◆ Instructions to follow:
Please return the full listing word for word, leaving out any pictures.

-- Available data follows --

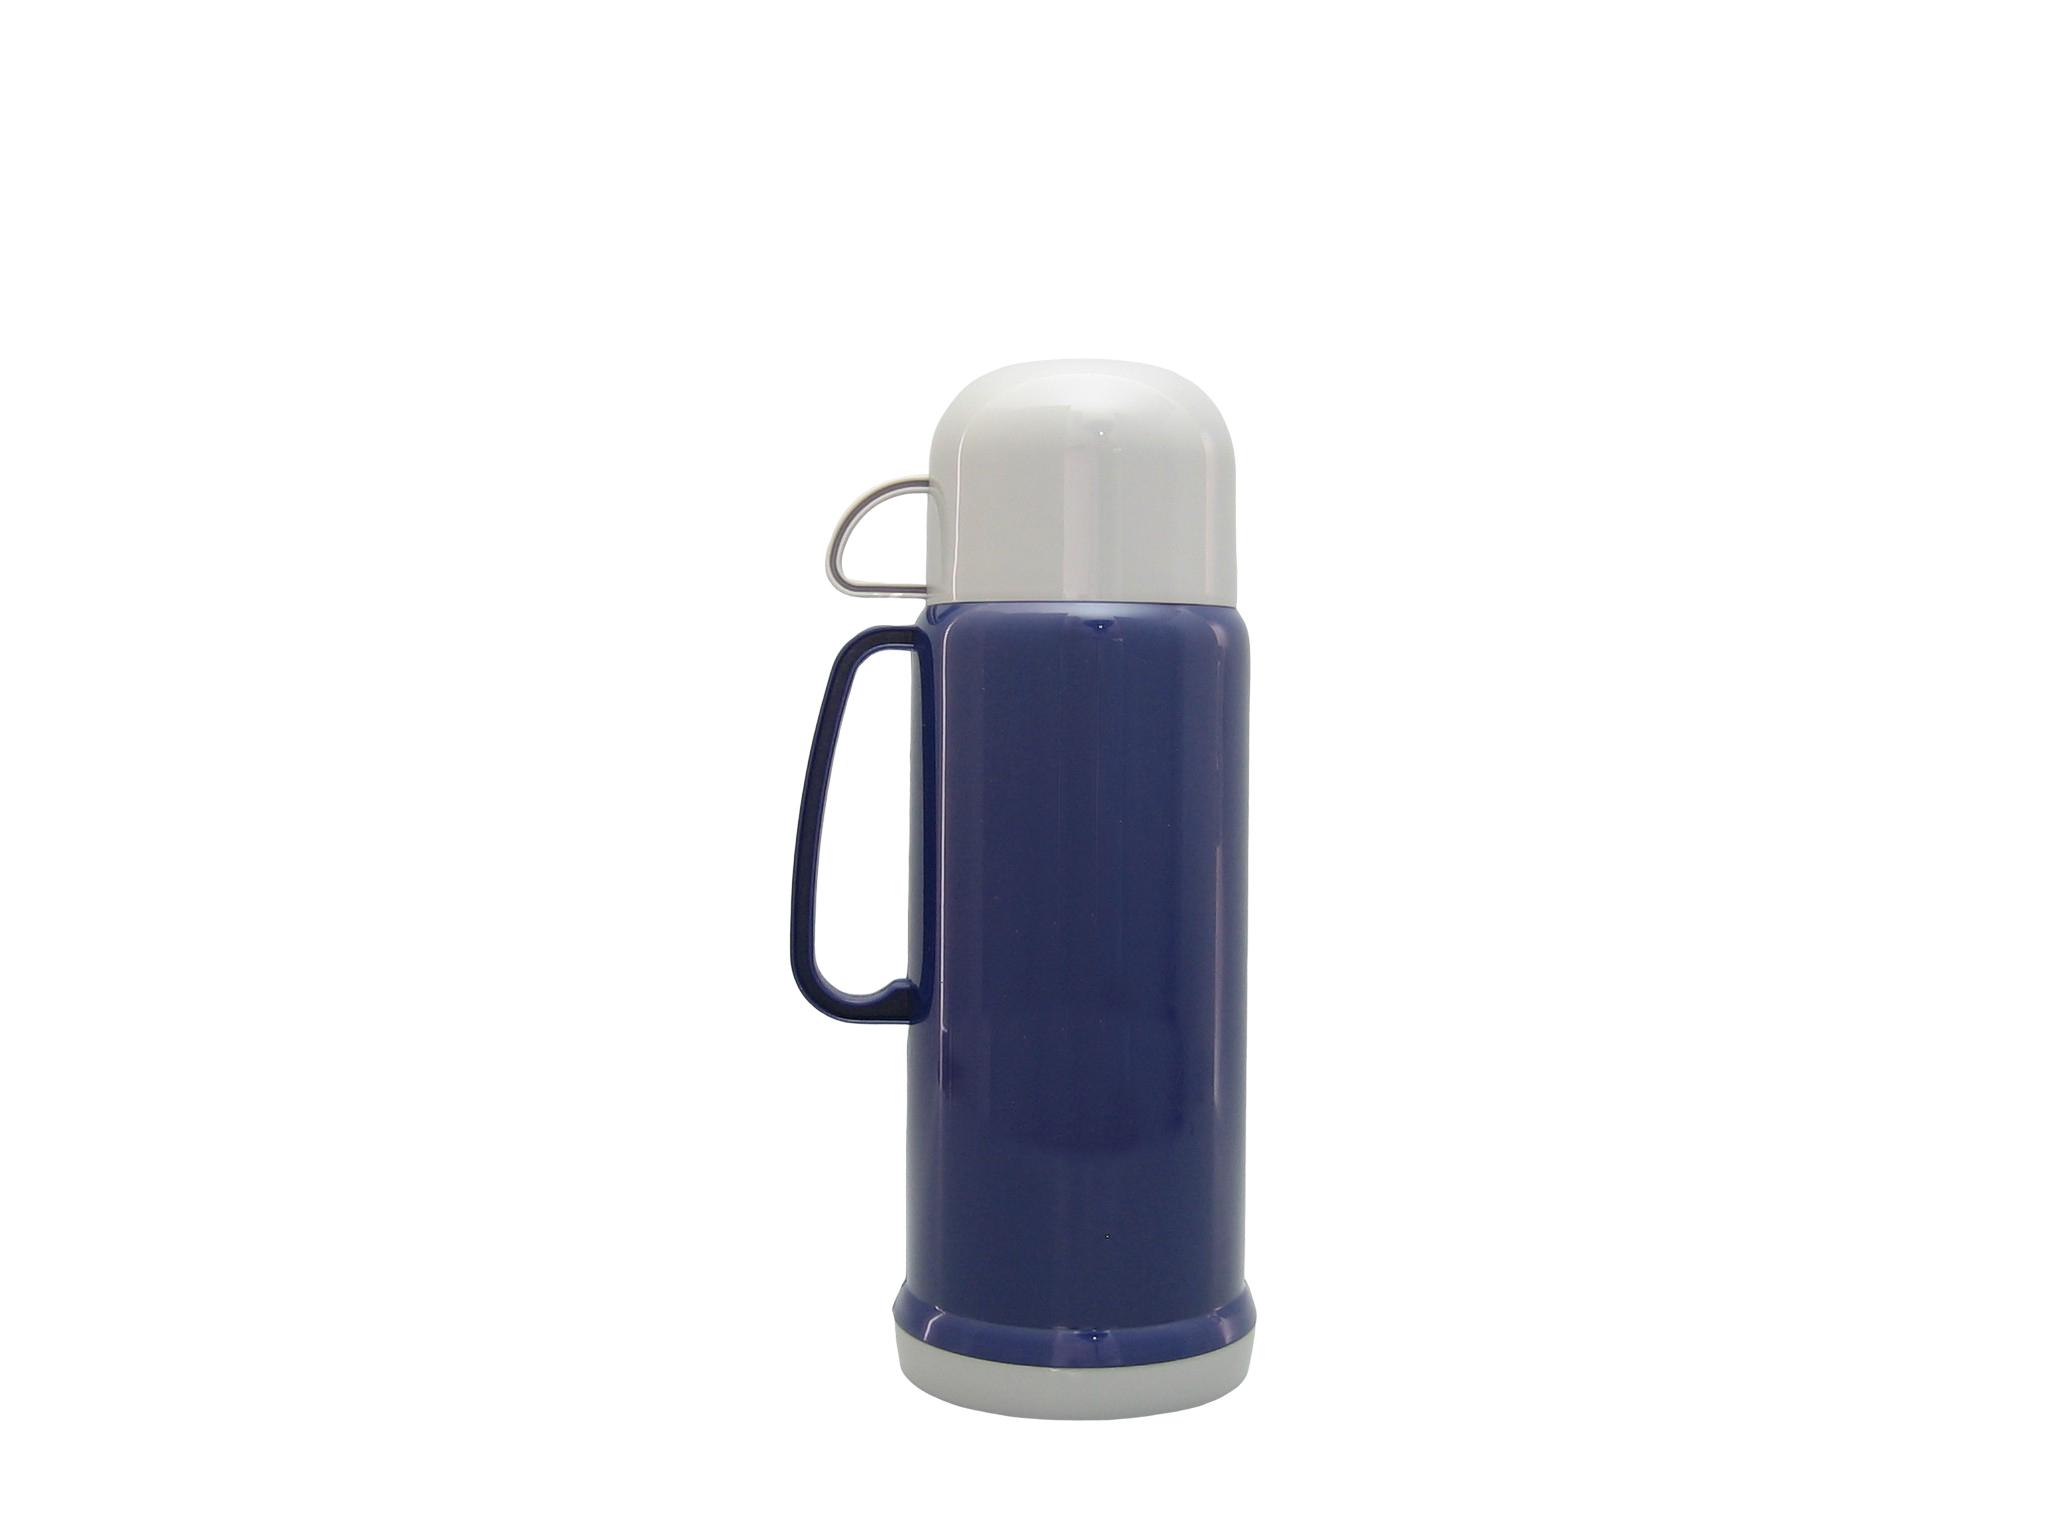 V080Y-008 - Vacuum flask 0.80 L blue - Isobel
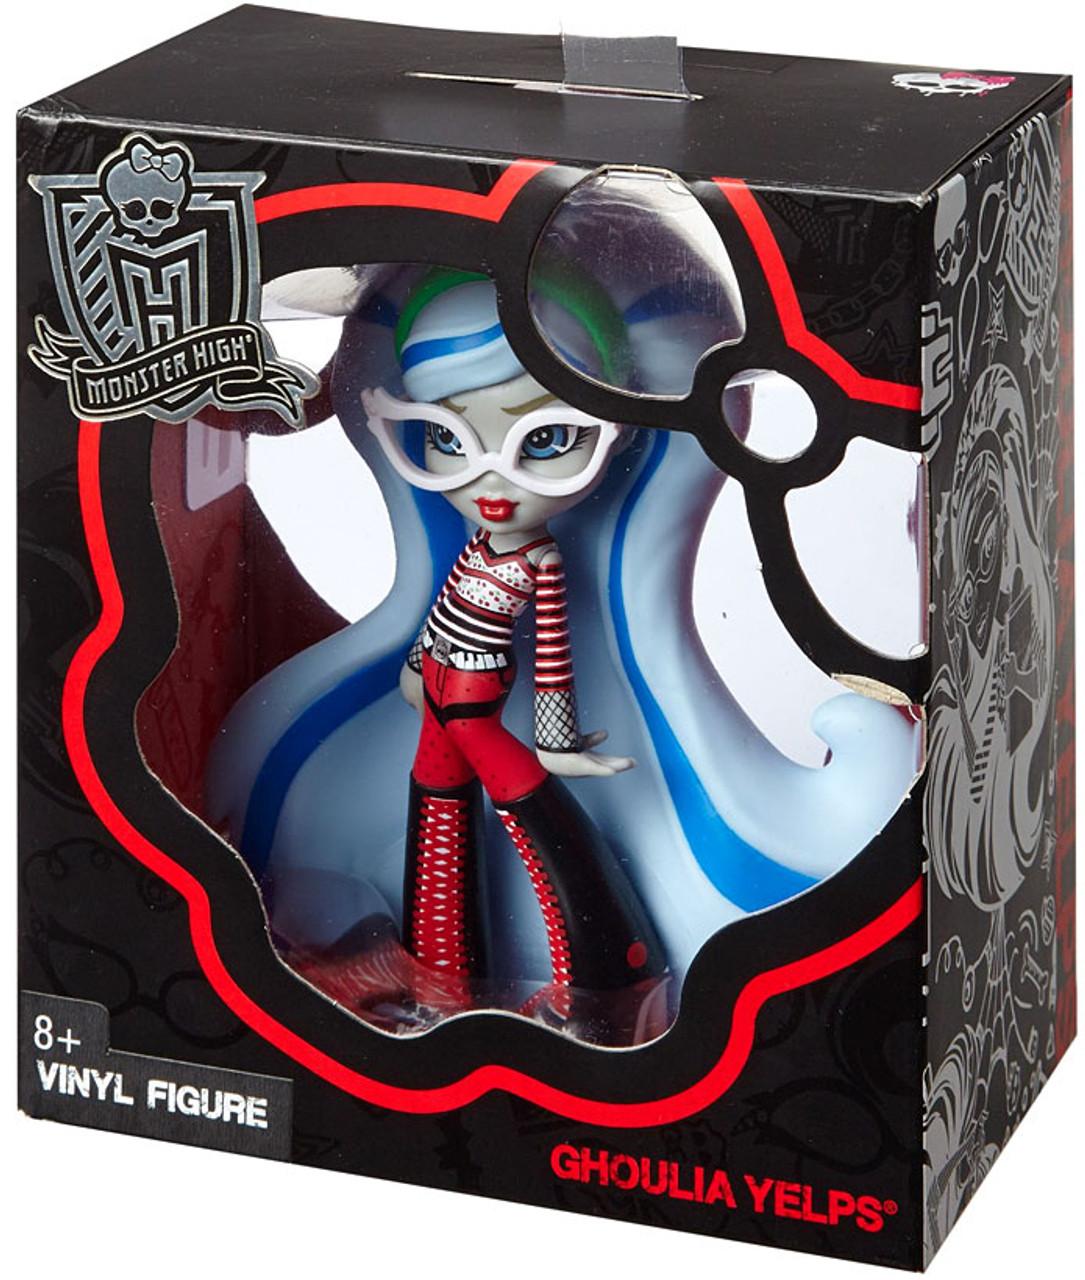 monster high ghoulia yelps vinyl figure - Ghoulia Yelps
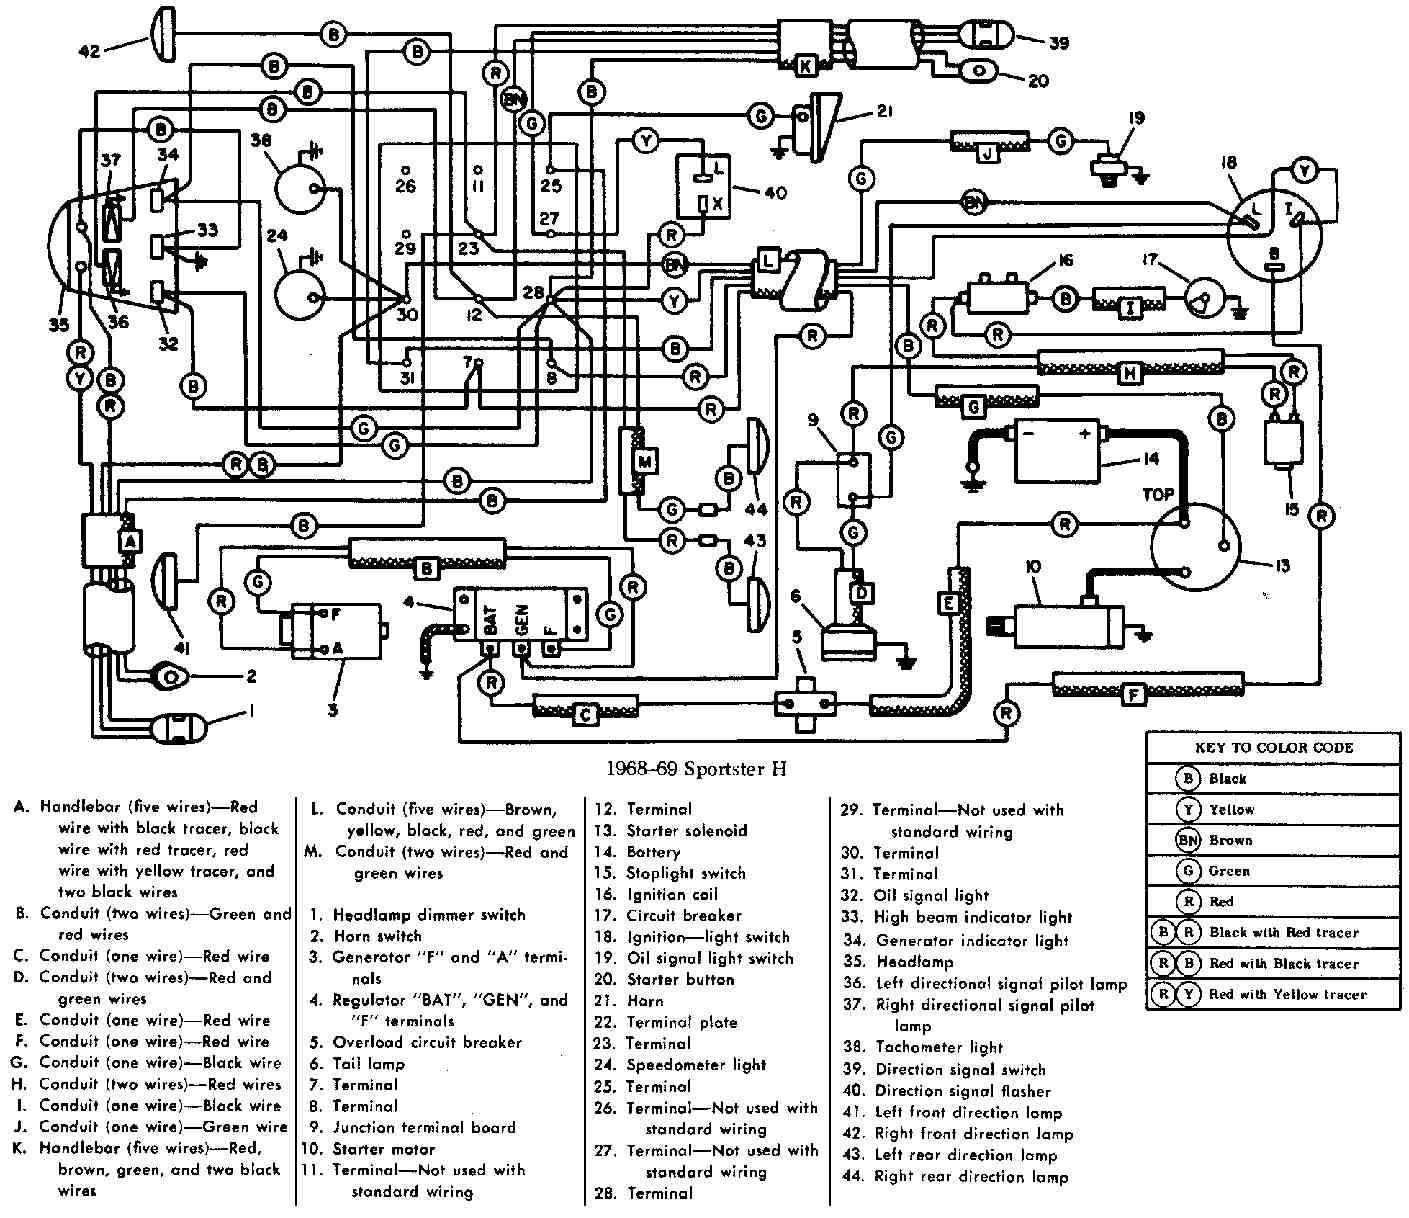 2003 harley softail wiring diagram harley

-- Available data concluded --

◆ Finished exercise:
 V080Y-008 - Vacuum flask 0.80 L blue - Isobel
 monster high ghoulia yelps vinyl figure - Ghoulia Yelps
 2003 harley softail wiring diagram harley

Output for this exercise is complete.